*EXERCISE DETAILS:*
Copy out exactly the lines spanning the line with "La dolina carsica" to the line with "Darstellung der Knochen", inclusive, from the data underneath, with no pictures.

*RECORD SET:*
▼▼▼
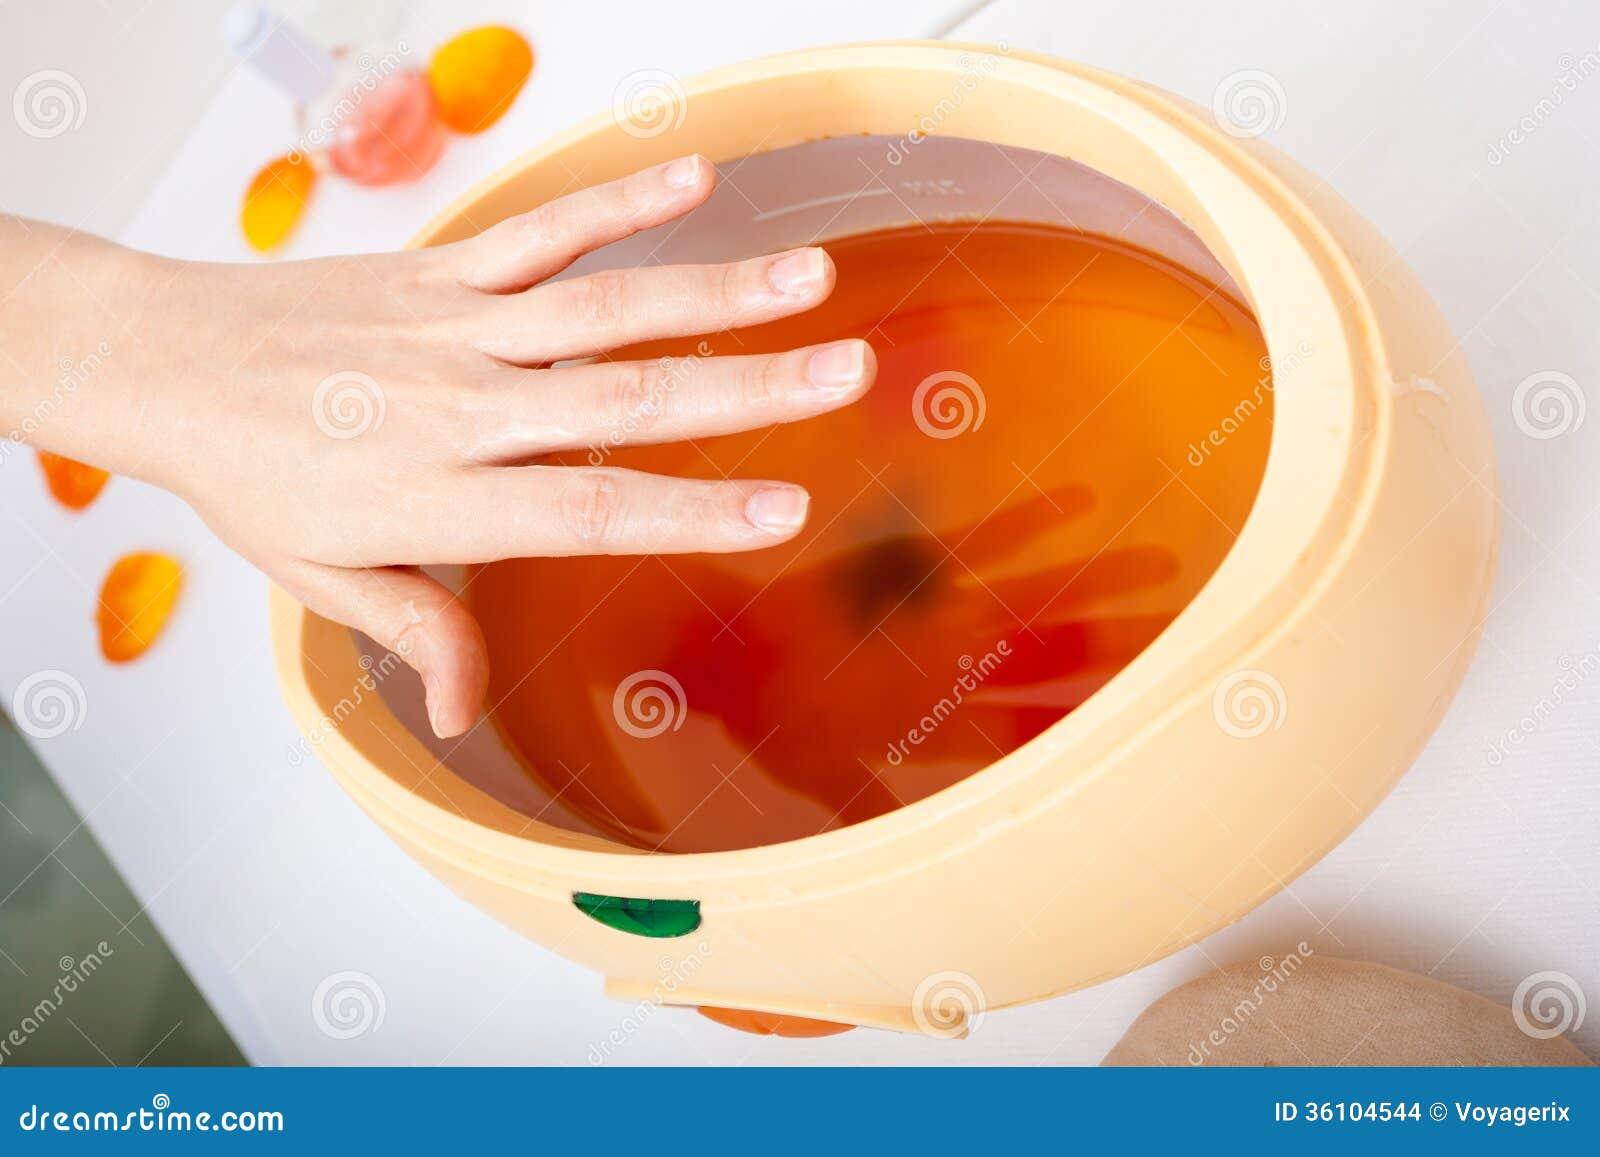 Mão fêmea e bacia alaranjada da cera de parafina. Mulher no salão de beleza
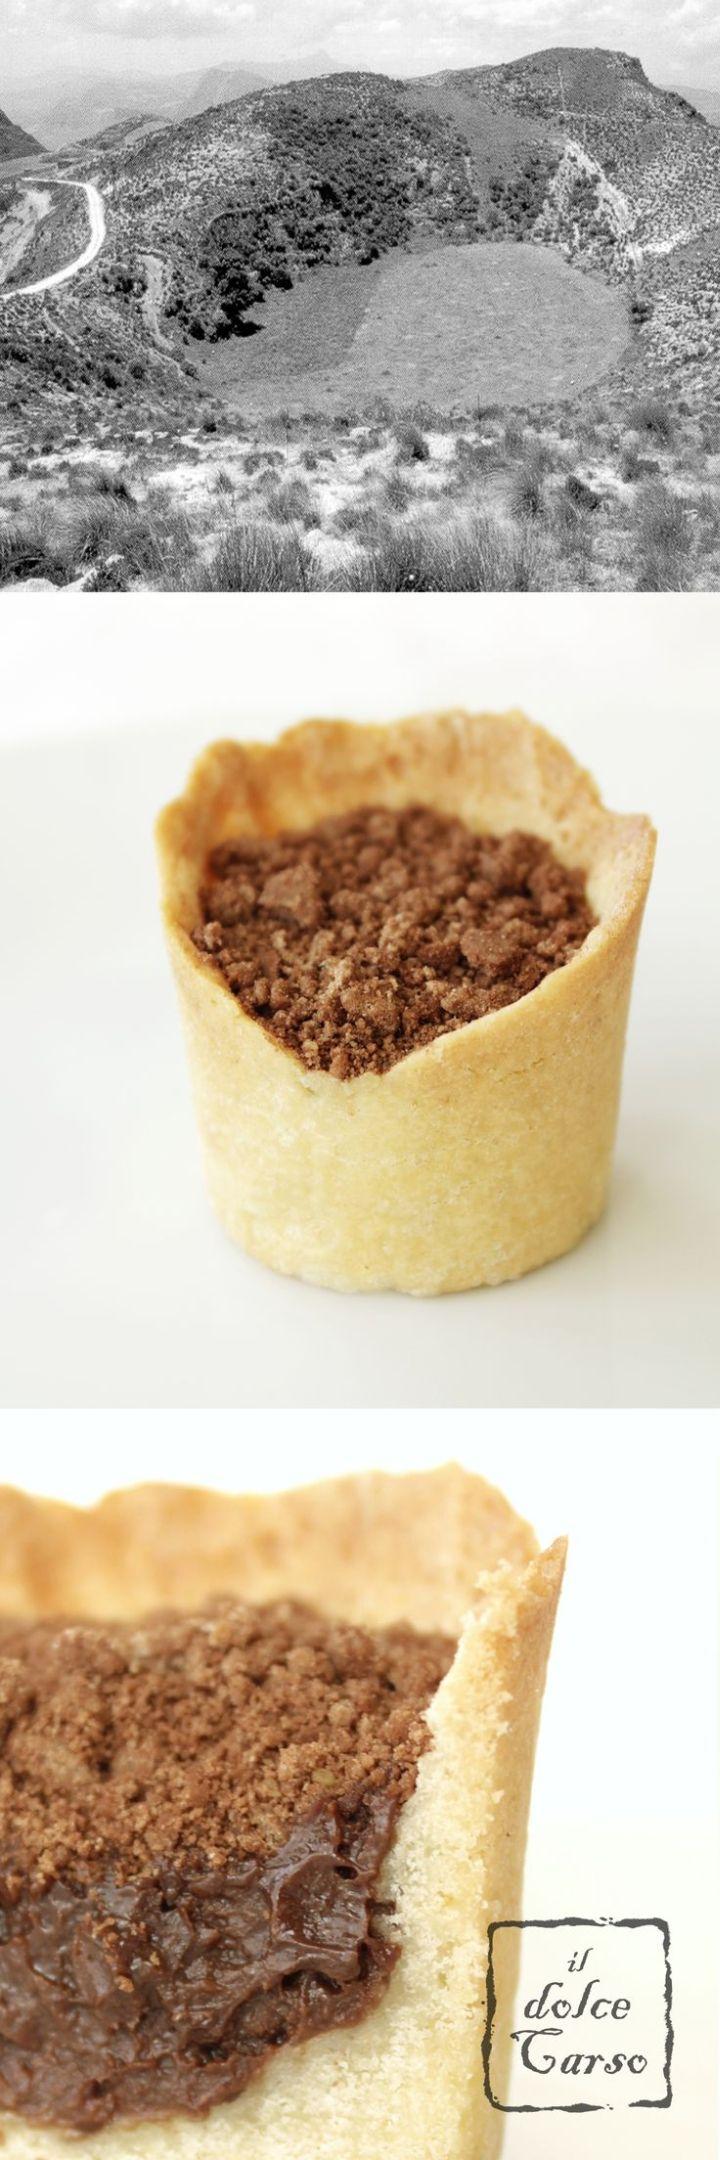 La dolina carsica in un biscotto con crema al cioccolato e biscotti sbriciolati come zolle di terra rossa
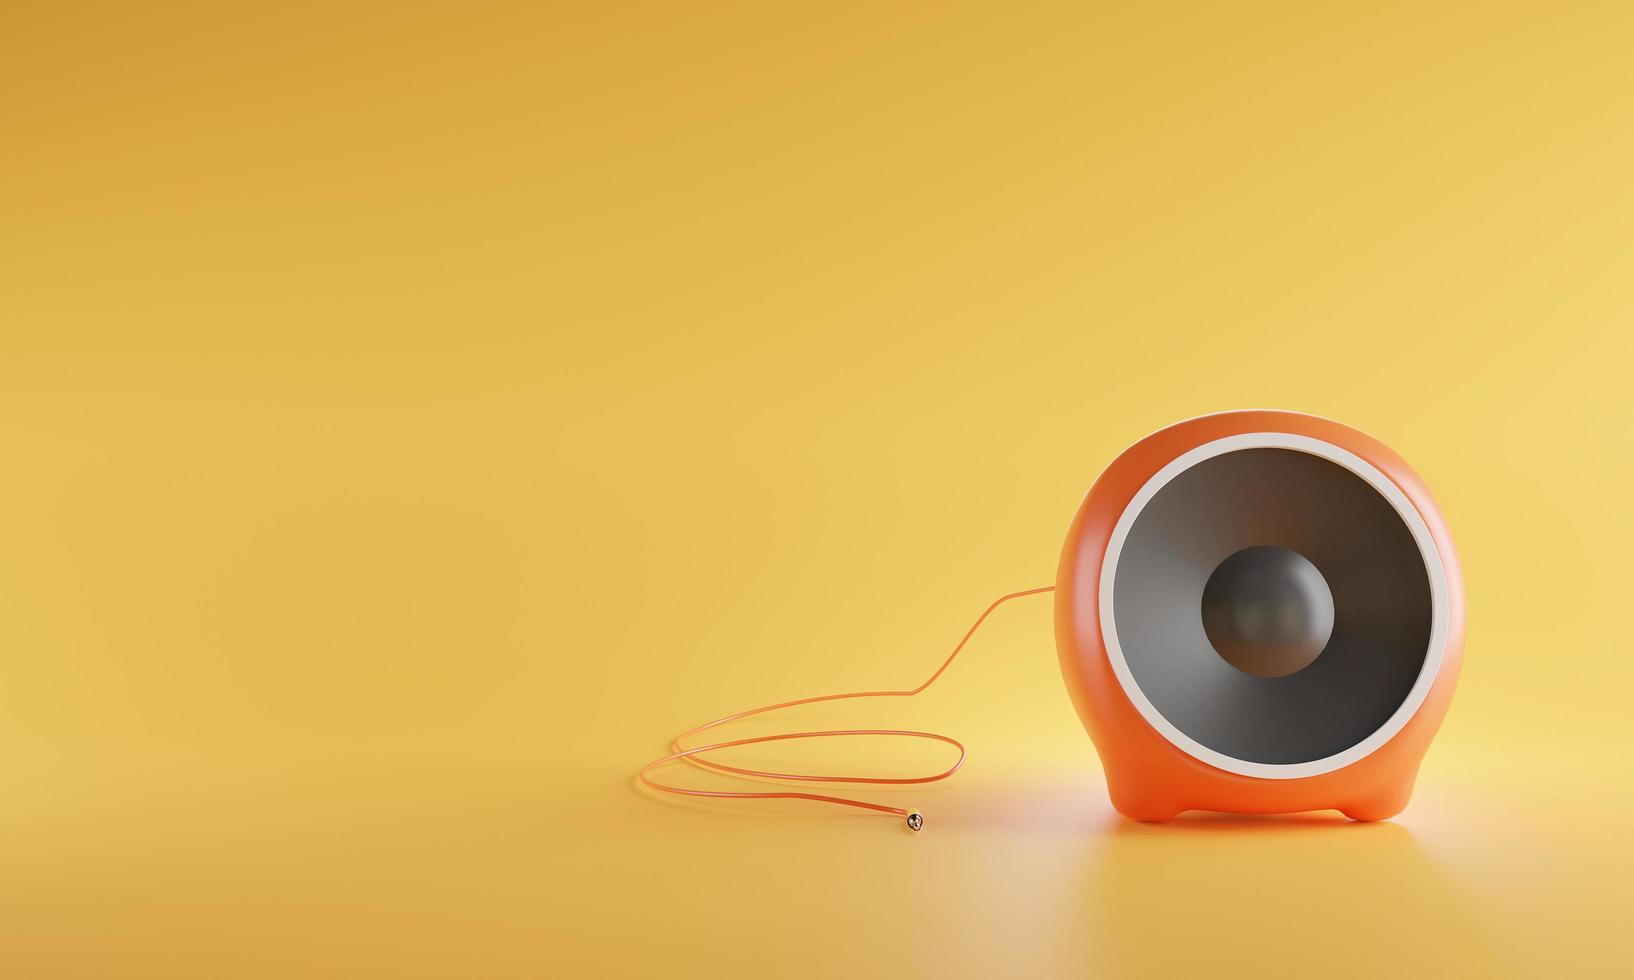 3D haut-parleur audio sphère couleur orange portable isolé sur fond jaune photo
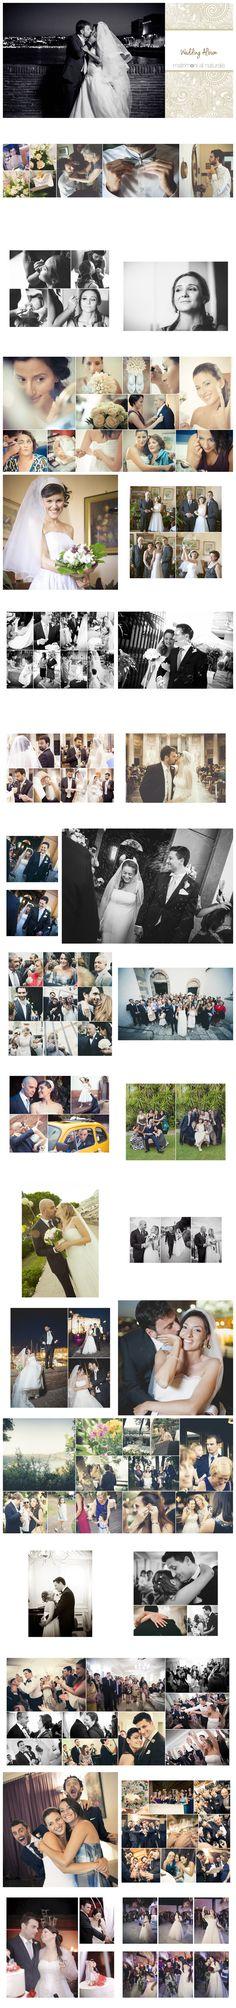 Wedding album design, album di matrimonio, fotolibro
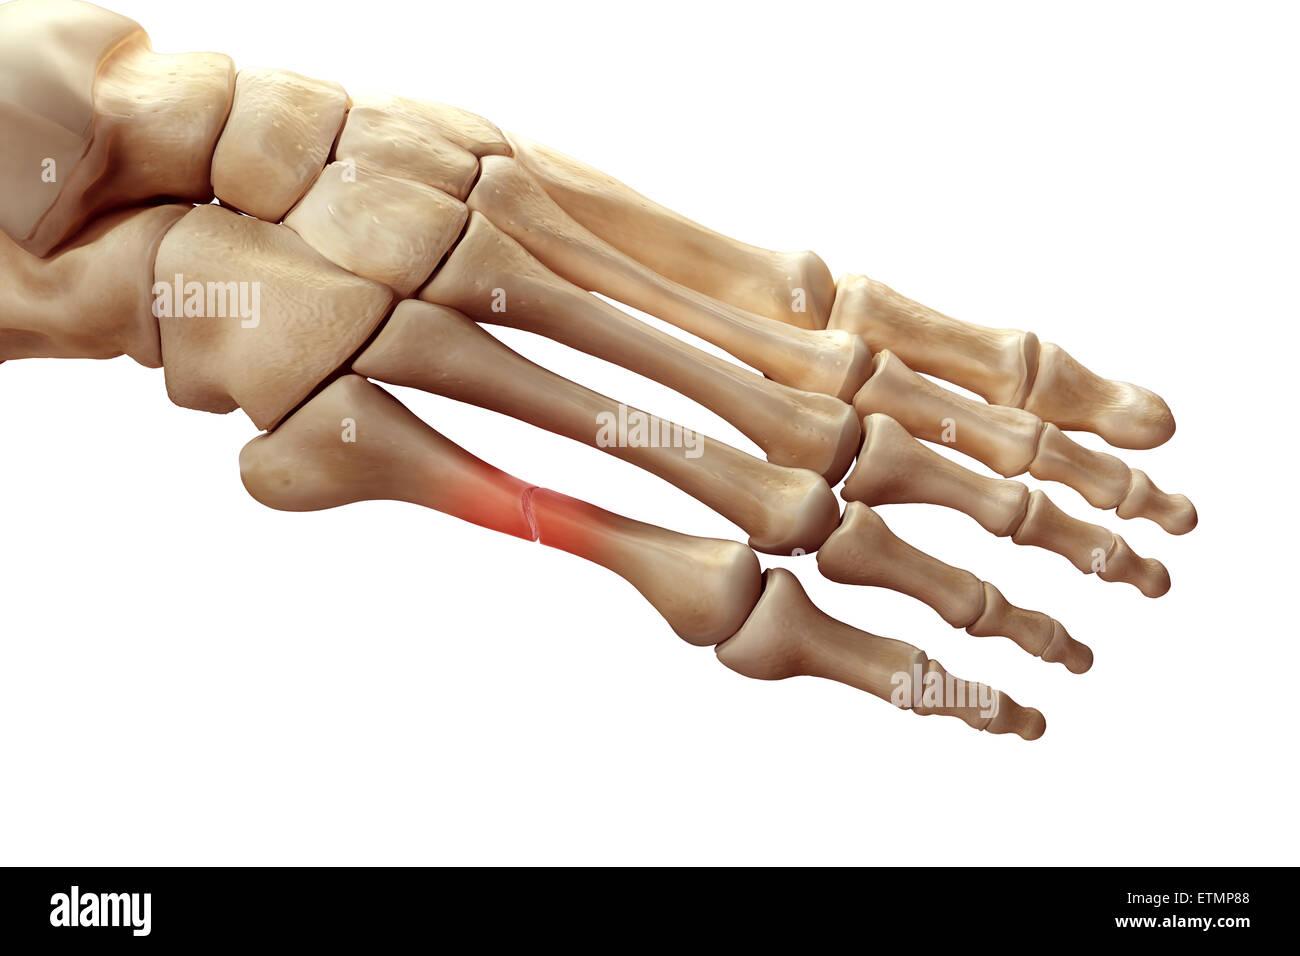 Darstellung der Knochen des Fußes mit einer Pause in einem ...
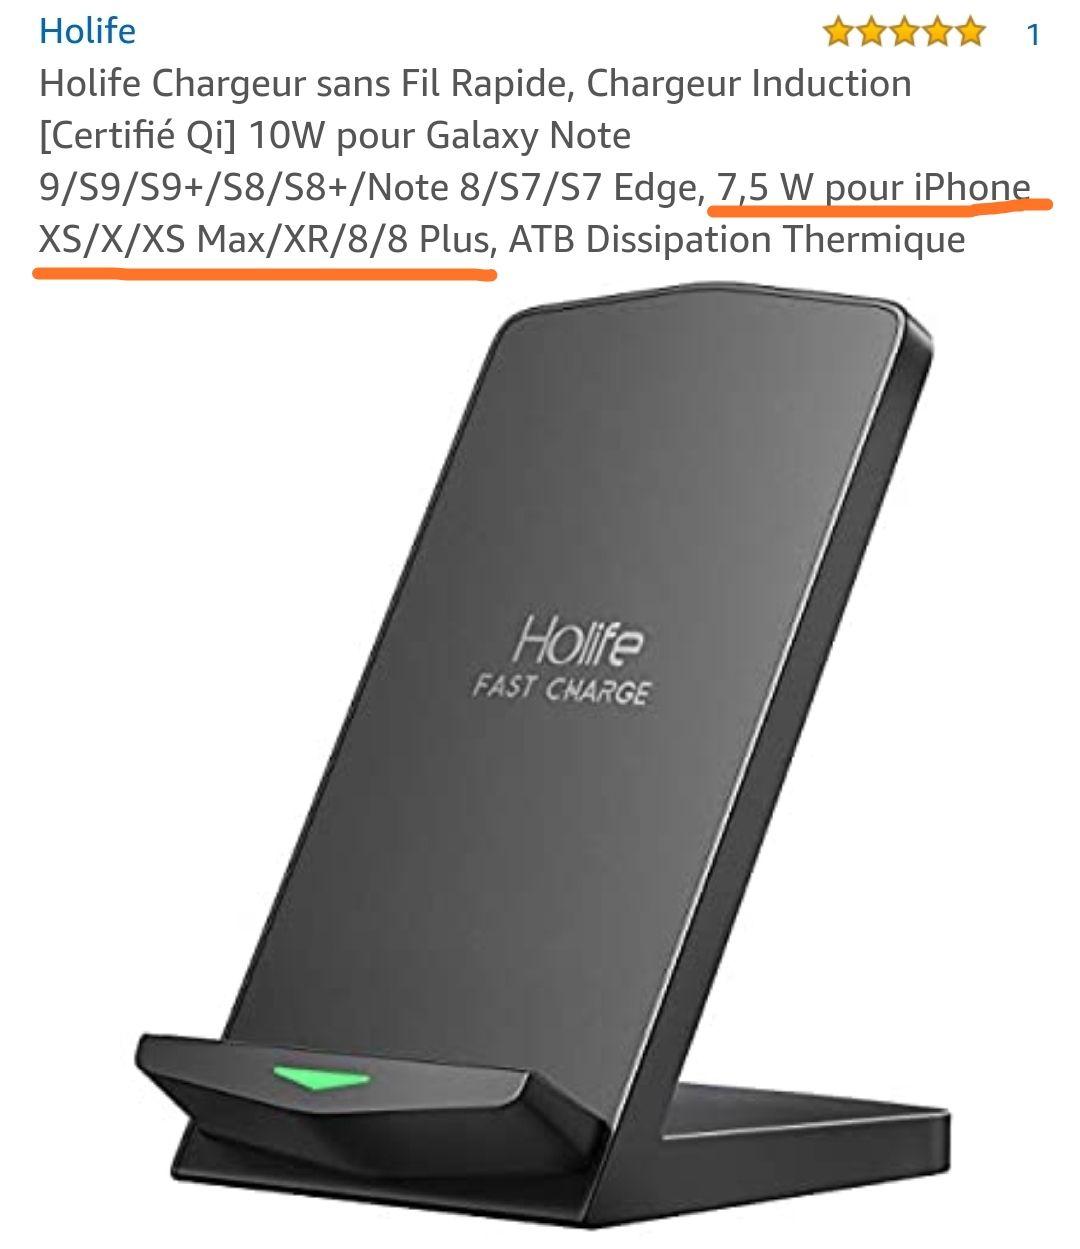 Qi Chargeur sans Fil Rapide, Holife Type C Port Chargeur
▲▲▲
*RESPONSE AREA:*
 La dolina carsica in un biscotto con crema al cioccolato e biscotti sbriciolati come zolle di terra rossa
 3D haut-parleur audio sphère couleur orange portable isolé sur fond jaune photo
 Wedding album design, album di matrimonio, fotolibro
 Darstellung der Knochen des Fußes mit einer Pause in einem ...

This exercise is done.